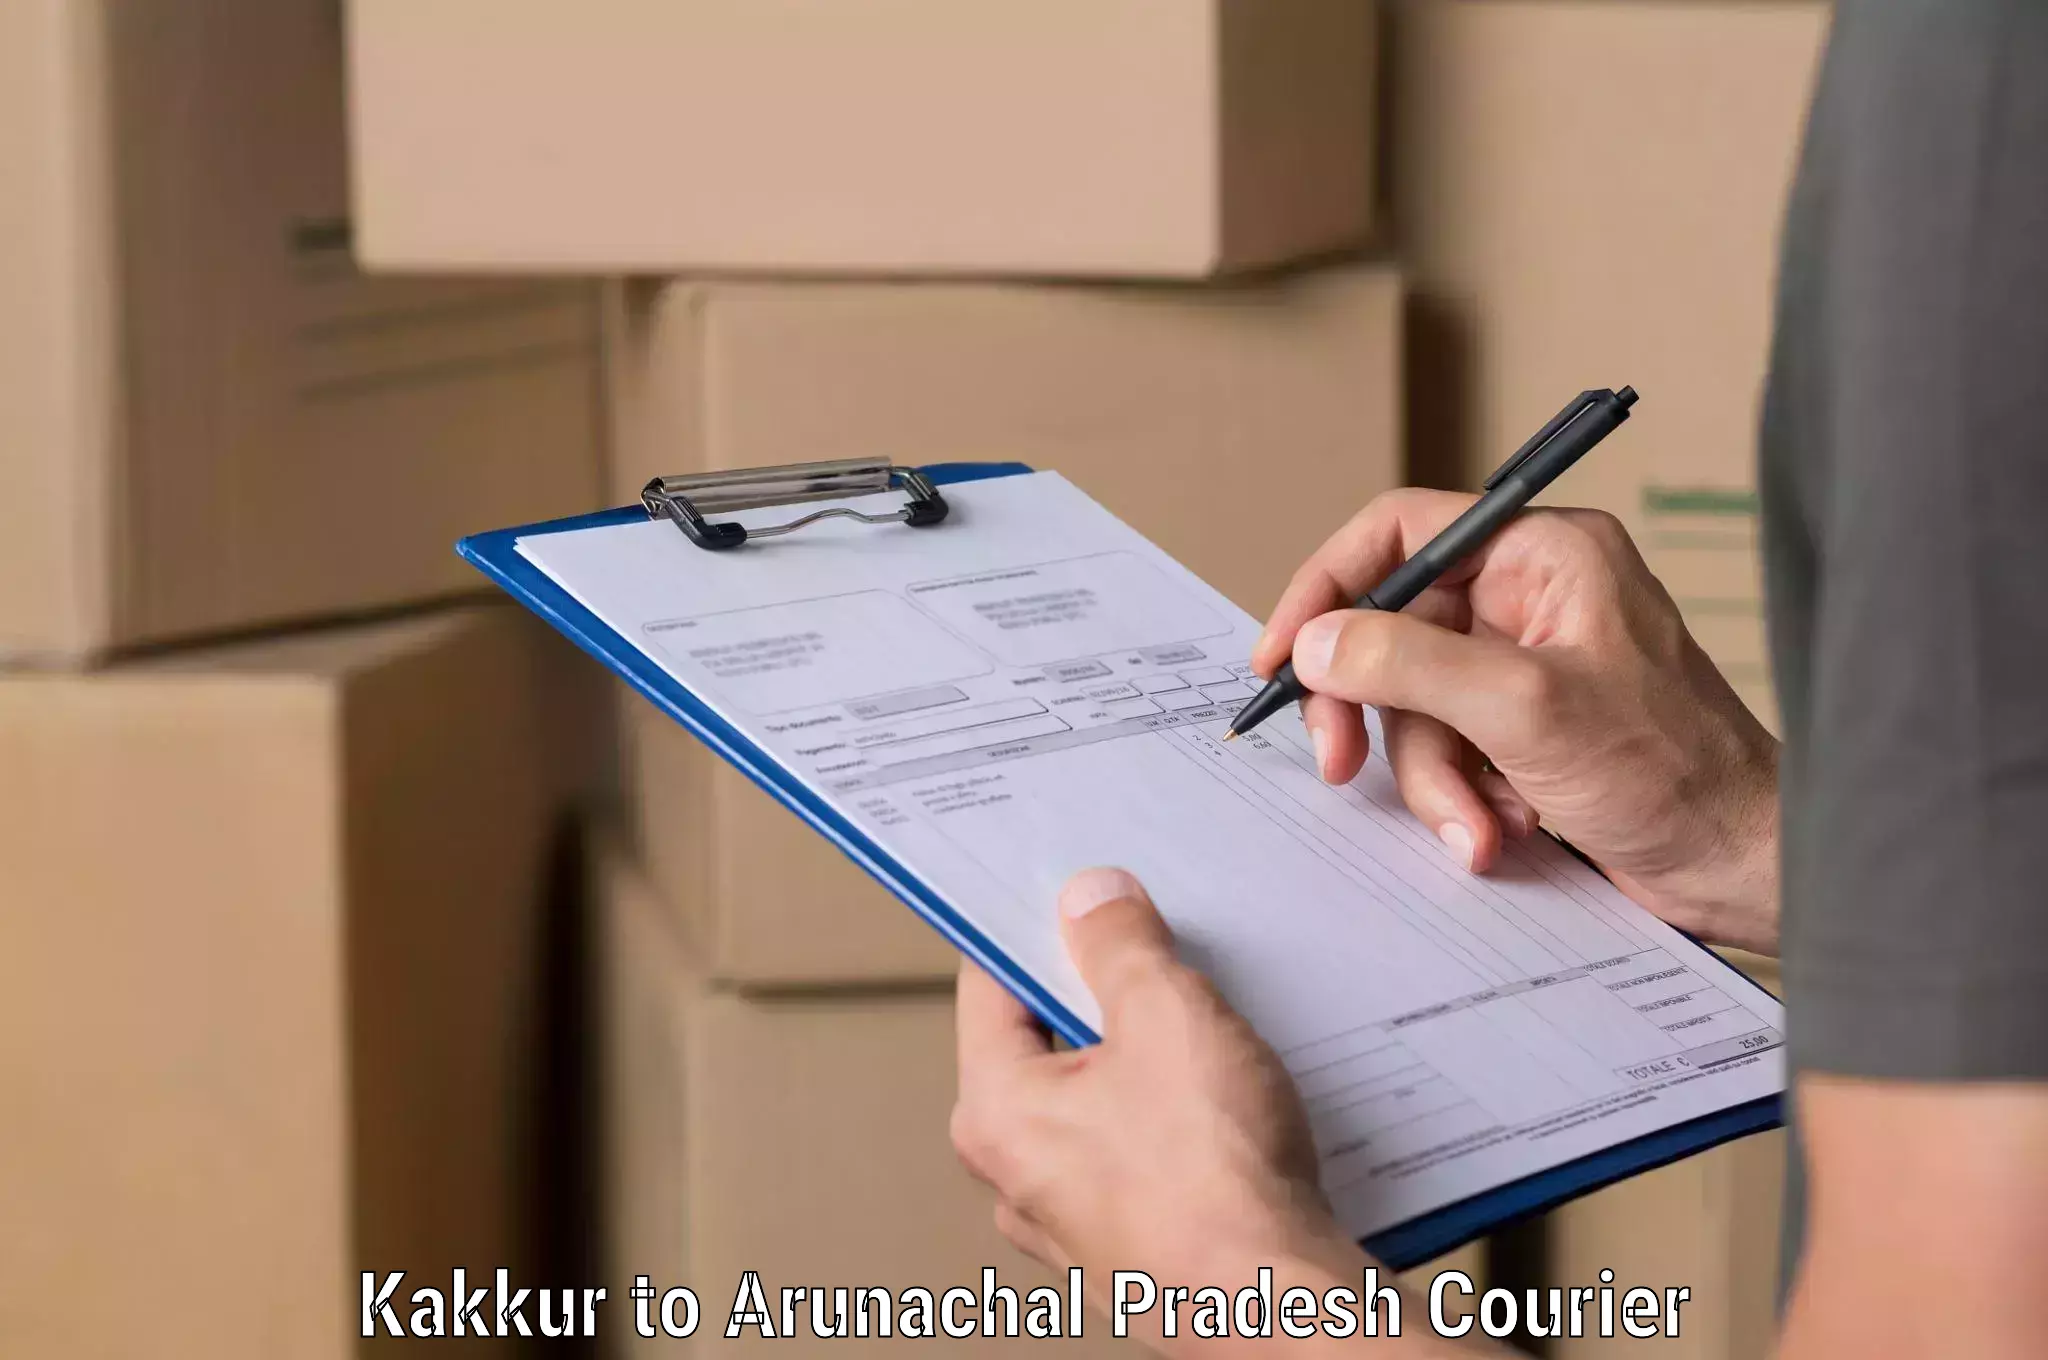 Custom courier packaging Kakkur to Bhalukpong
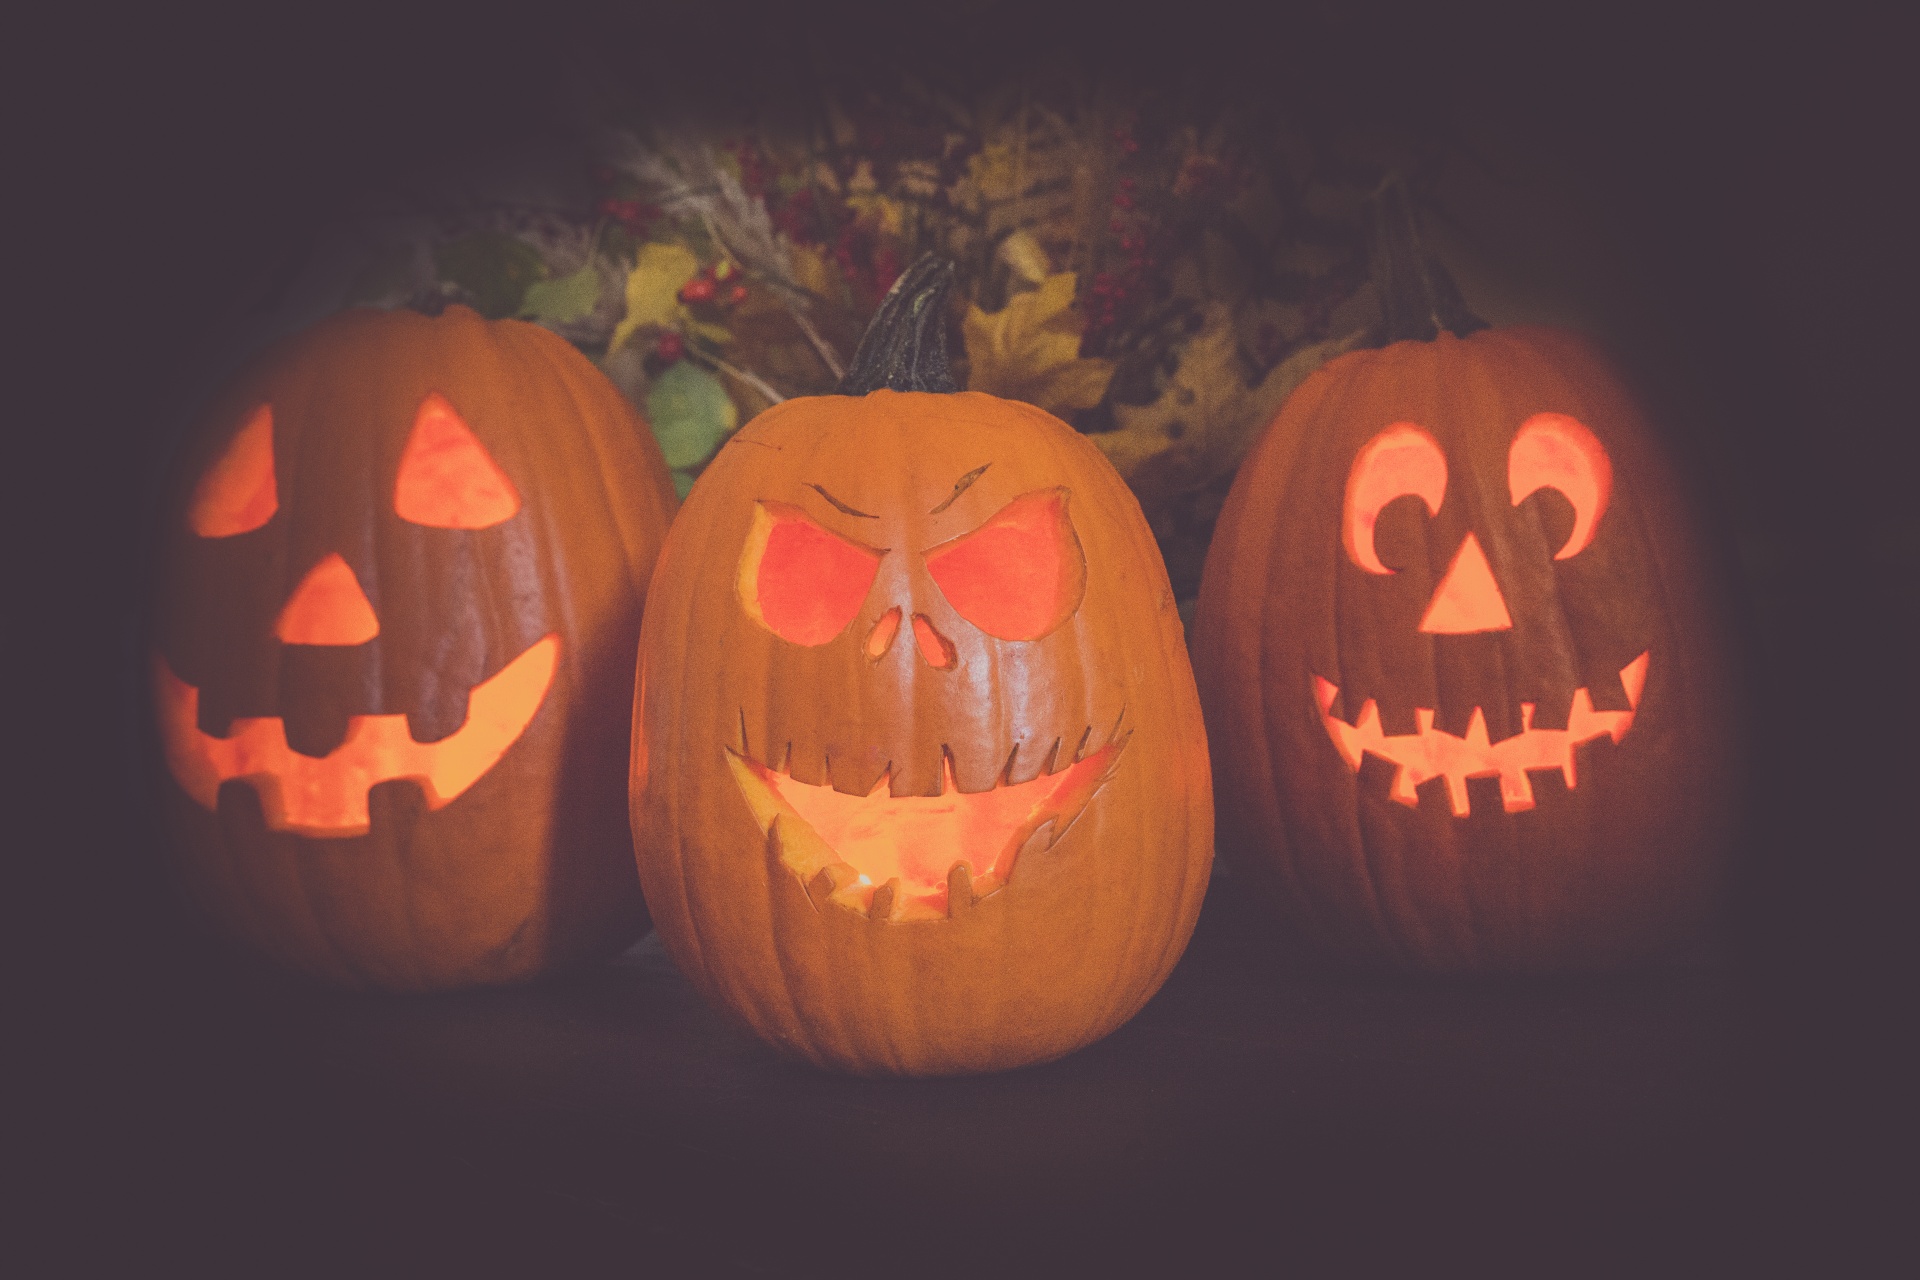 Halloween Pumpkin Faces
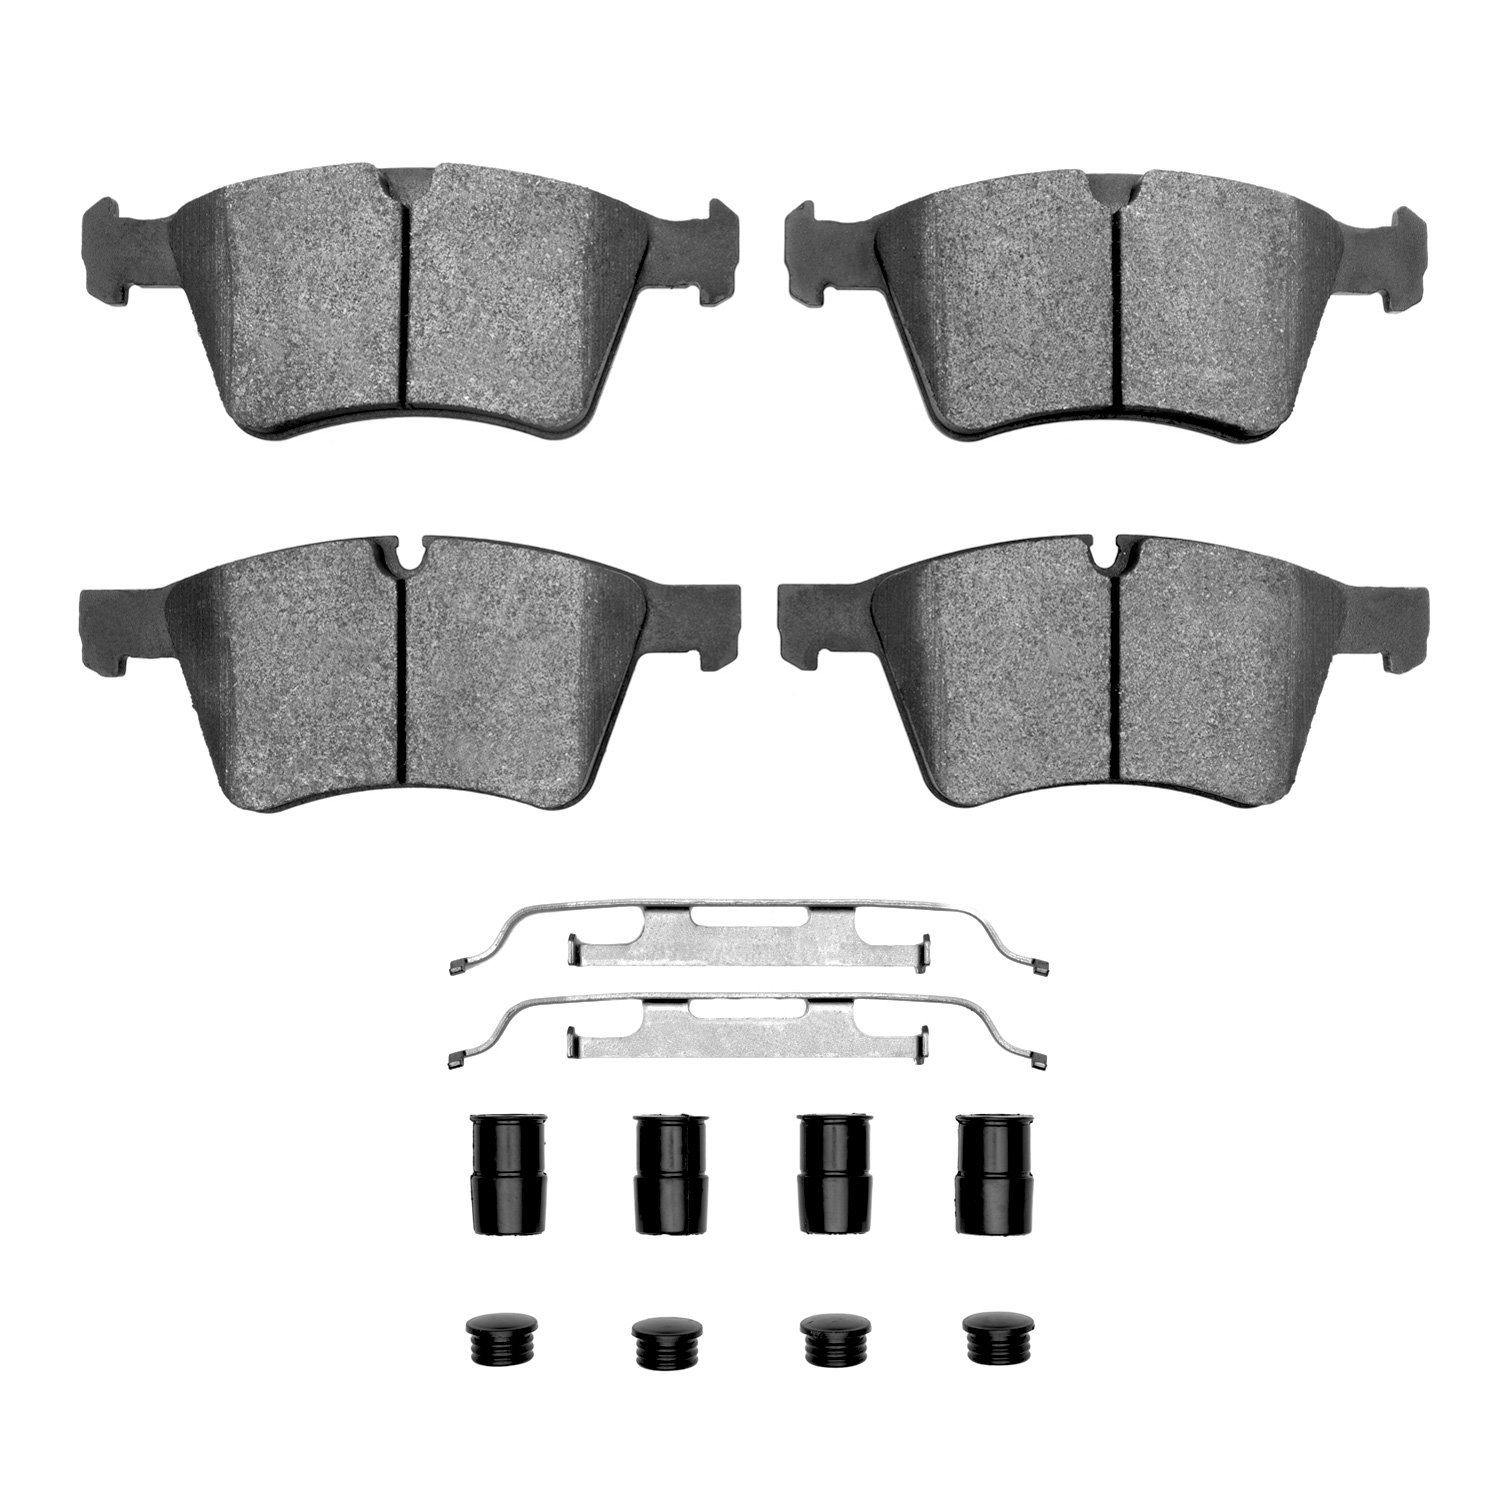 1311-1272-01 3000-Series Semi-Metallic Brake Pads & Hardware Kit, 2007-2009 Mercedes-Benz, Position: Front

■ BRIEF ■
What is needed is every line of the data above, set down exactly but with the images left out.

■ RESPONSE AREA ■
 Custom courier packaging Kakkur to Bhalukpong
 Halloween Pumpkin Faces
 1311-1272-01 3000-Series Semi-Metallic Brake Pads & Hardware Kit, 2007-2009 Mercedes-Benz, Position: Front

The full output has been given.